# Probability factors?

1. Feb 27, 2014

### 15123

Hello

I am having a hard time understanding which factors should be taken into account and which ones should not be taken into account when calculating probability.

I have the following situation:

Last night I played FIFA12 on xbox live against an unknown opponent. He challenged me to a rematch after the match was over.

I would like to calculate the chance I would have had of winning if I would have said "yes" to the rematch.
However, upon trying to calculate the chance (using Bayes' theory for example), I quickly gathered countless factors such as:

• previous personal win/loss ratio
• the fact he first scored a goal in the first 10 minutes of the first half
• the fact I scored two goals the last 20 minutes of the second half
• his predictability
• my predictability
• my fatigue at that hour; mentally as well as phyiscally
• the knowledge the opponent has about my strategy after having played a match with me
• how tired my opponent is
• the opponent's fatigue; mentally as well as physically
• if he is a night person or not

I keep thinking of factors such as these and I am not sure which ones would be valid factors for probability calculation. I am getting lost.
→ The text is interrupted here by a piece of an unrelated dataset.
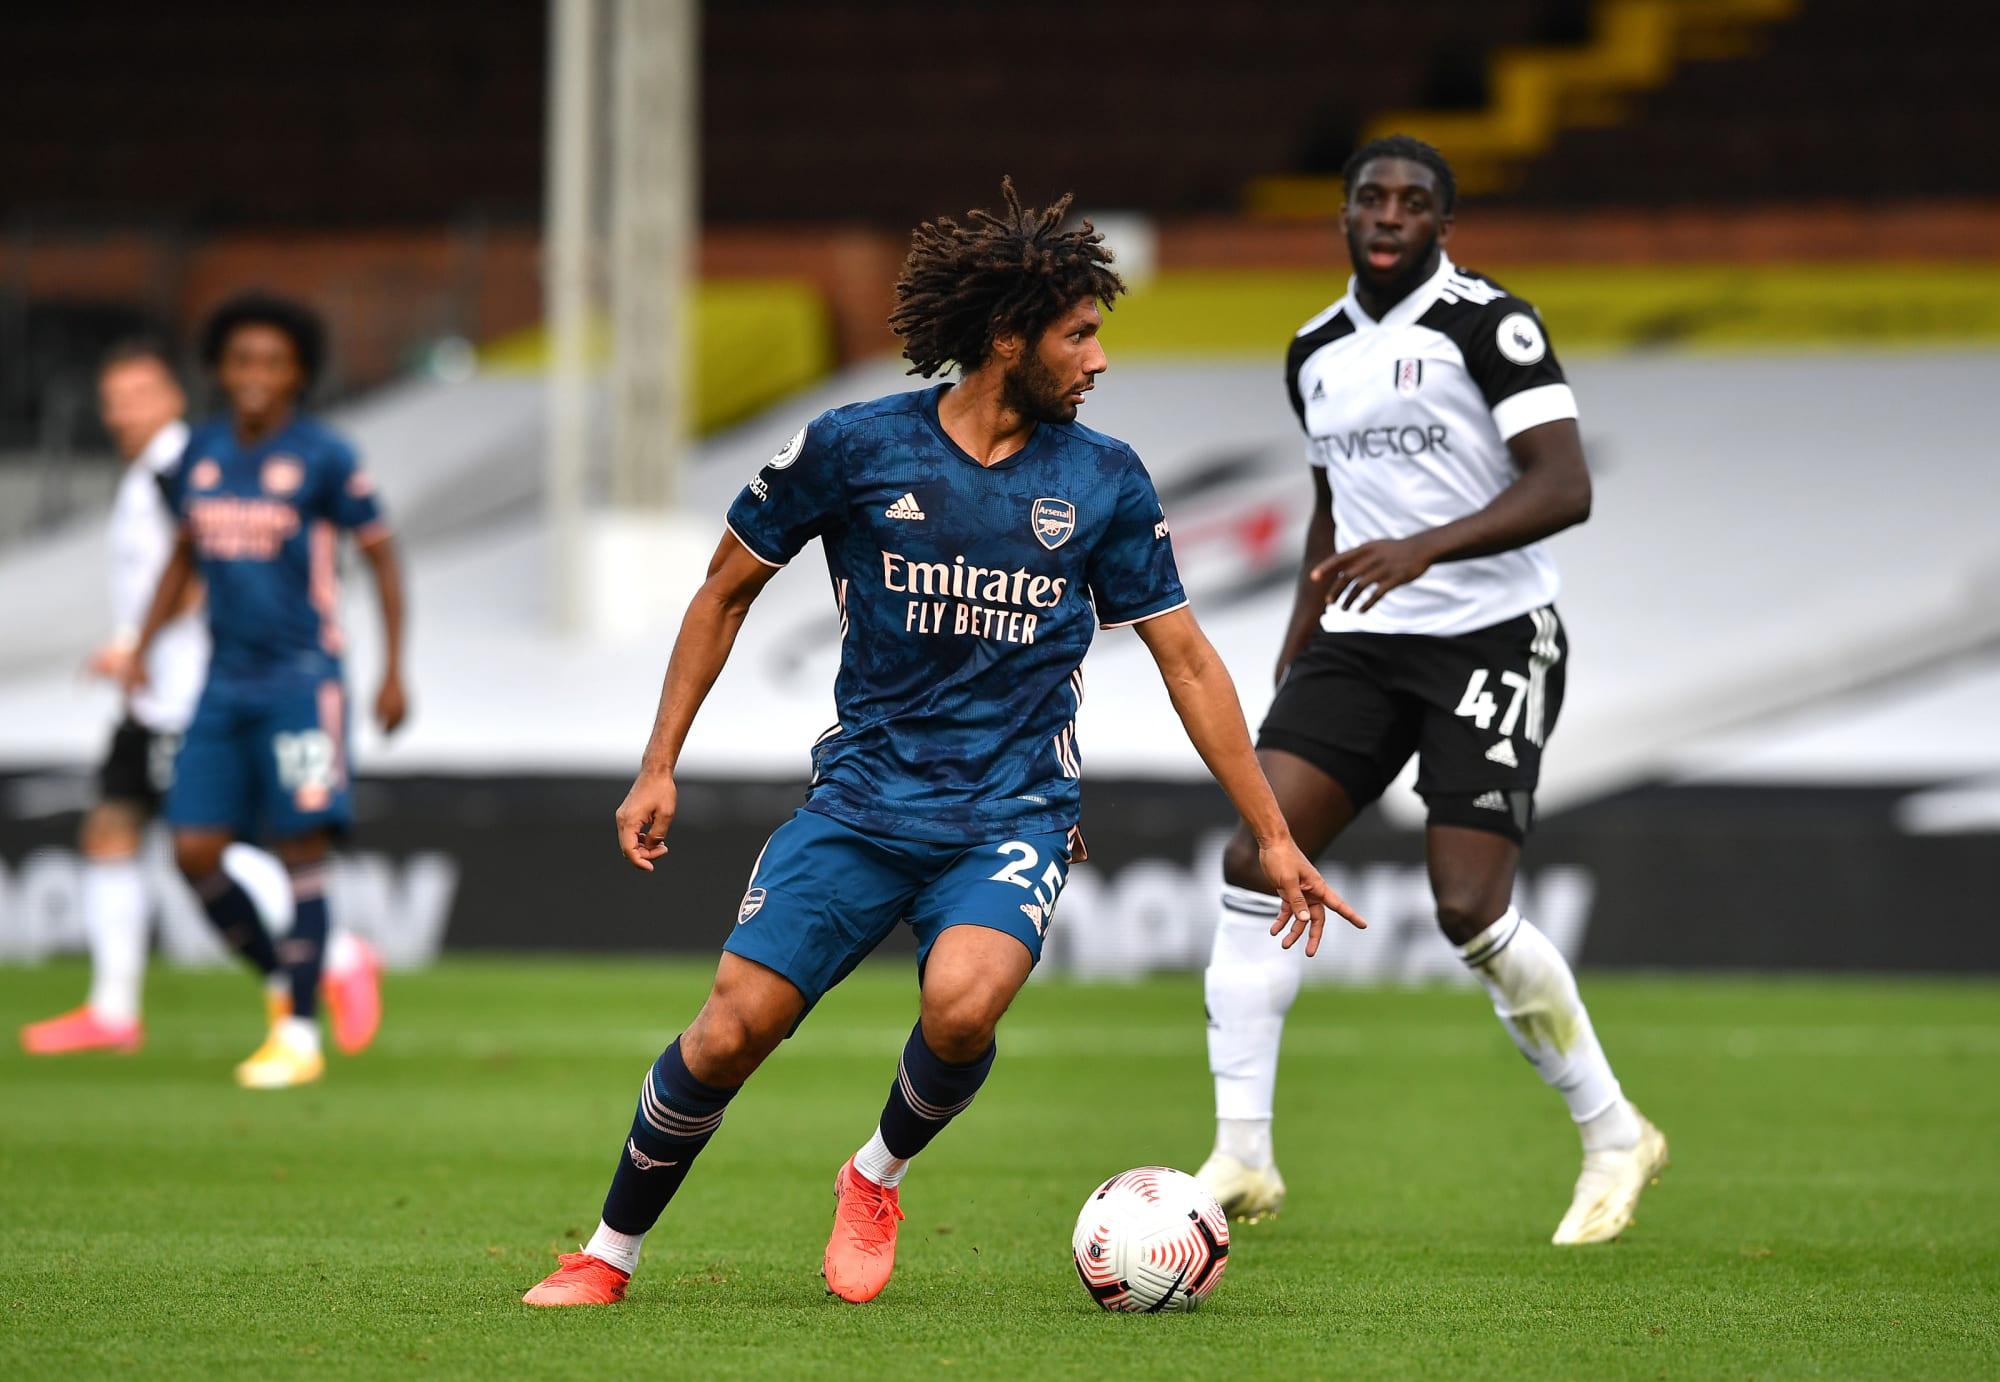 Mohamed Utility Arsenal

Does anyone have an idea on this?

Thank you

2. Feb 27, 2014

### MarneMath

In the real world, we often have an extreme long list of variables that may effect an outcome. There are many methods on how to construct probability models and thus make a prediction on an outcome. The only way you are going to make a good model is if you test it repeatedly against the data you aggregate.

Once you make a model, how you constructed it, will often dictate how you can test if a variable contributed a significant amount of information or not. For example, if you choose to make a multivariate linear regression, you could use partial F test or additional sum of squares.

As a side note, I would definitely not recommend you make a Bayesian model using your current knowledge of Bayesian statistics. Bayesian models need a prior probability and finding such distribution for a parameter is will work for your model is non-trivial.

If you want to try something, you could go for a simple model and see how often you tend to win a rematch regardless of an opponent.